Tuesday morning, I woke up early. Usually, I tried to sleep as late as possible because there wasn’t much to do in Hell-Crest Commons, the nursing home that I’d been living in for months now. The only times I’d get up early was if they for some reason scheduled PT or OT early. This time I had an appointment that afternoon with the Nerve Injury Clinic. The Nerve Injury Clinic was at Mass General Hospital in Boston. They were the ones that had done my skin punch biopsy while I’d been at Mass General for 5 months in 2014. Dr. Hurrowitz who was my primary neurologist there was the one following me. He had been the one that had originally come into my room at Mass General to tell me that he knew what was wrong with me and had proceeded to explain my new diagnosis to me.
This appointment was the follow-up that the case manager at Berkshire Medical Center has set up for me.
The chair van wasn’t picking me up until 10 AM but I was too nervous to go back to sleep once I woke up around 6:00 AM. The morning aides didn’t come in until around 7 AM, but by that point, I was able to transfer myself in and out of bed independently and walk around the room a little bit with just the walker to the wheelchair. All of my hard work in PT and OT had paid off.
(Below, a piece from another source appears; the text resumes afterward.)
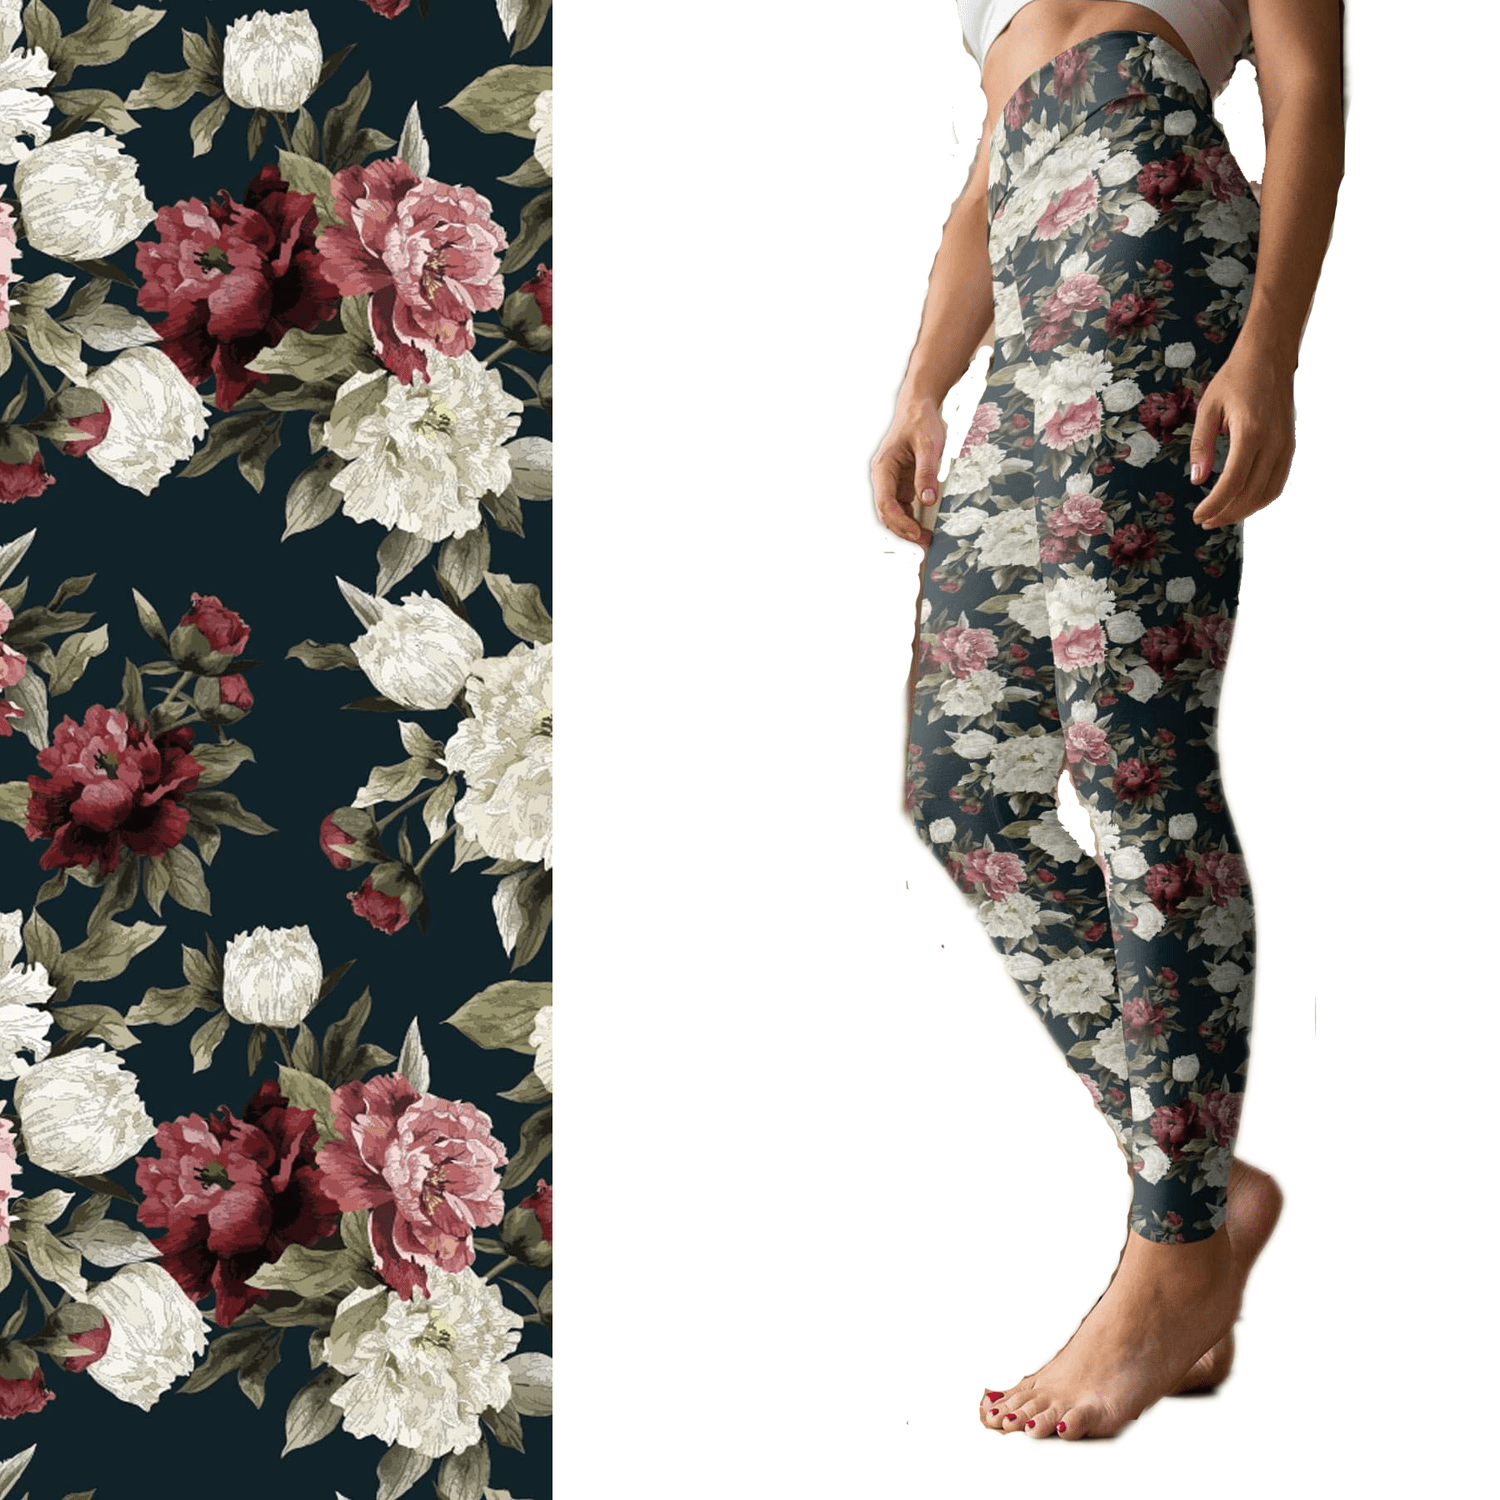 Floral Garden Leggings Roses with Pockets Full Length

I used the bed controls to sit myself up, then I used my arms to slide my legs over the edge of the bed and scoot my bottom to the edge of the bed. My walker was waiting for me right at the edge, where I had left it the night before.
Once I was in the wheelchair I pulled the IV pole in front of me so that it would move with me when I moved the wheelchair, and then I headed over to my closet to pick out the perfect outfit to wear to Mass General. I knew I was just going in a chair van and then a hospital, but I didn’t go out much and wanted to look good.
My mom was going to go to my appointment with me at Mass General as well. She was going to drive down separately and meet me there. I had been calling her the three times a week that I was allowed, but they were very stilted conversations and I had a feeling that our relationship might have been forever damaged. Still, she came up to visit me the once a week she was allowed by the rules she and Jillian, and Tanya the social worker, had worked out, and when we weren’t fighting we had nice visits and I was looking forward to having time with her at this appointment.
At my last appointment with Dr. Hurrowitz at the Nerve Injury Clinic they had done a second Skin Punch Biopsy for comparison. I knew at this appointment we would be reviewing those results and I was very curious as to what he would say about that. In the patient portal, it had the results and said that they were grossly abnormal but that was all they said, I didn’t know what to make of that and had a bunch of questions.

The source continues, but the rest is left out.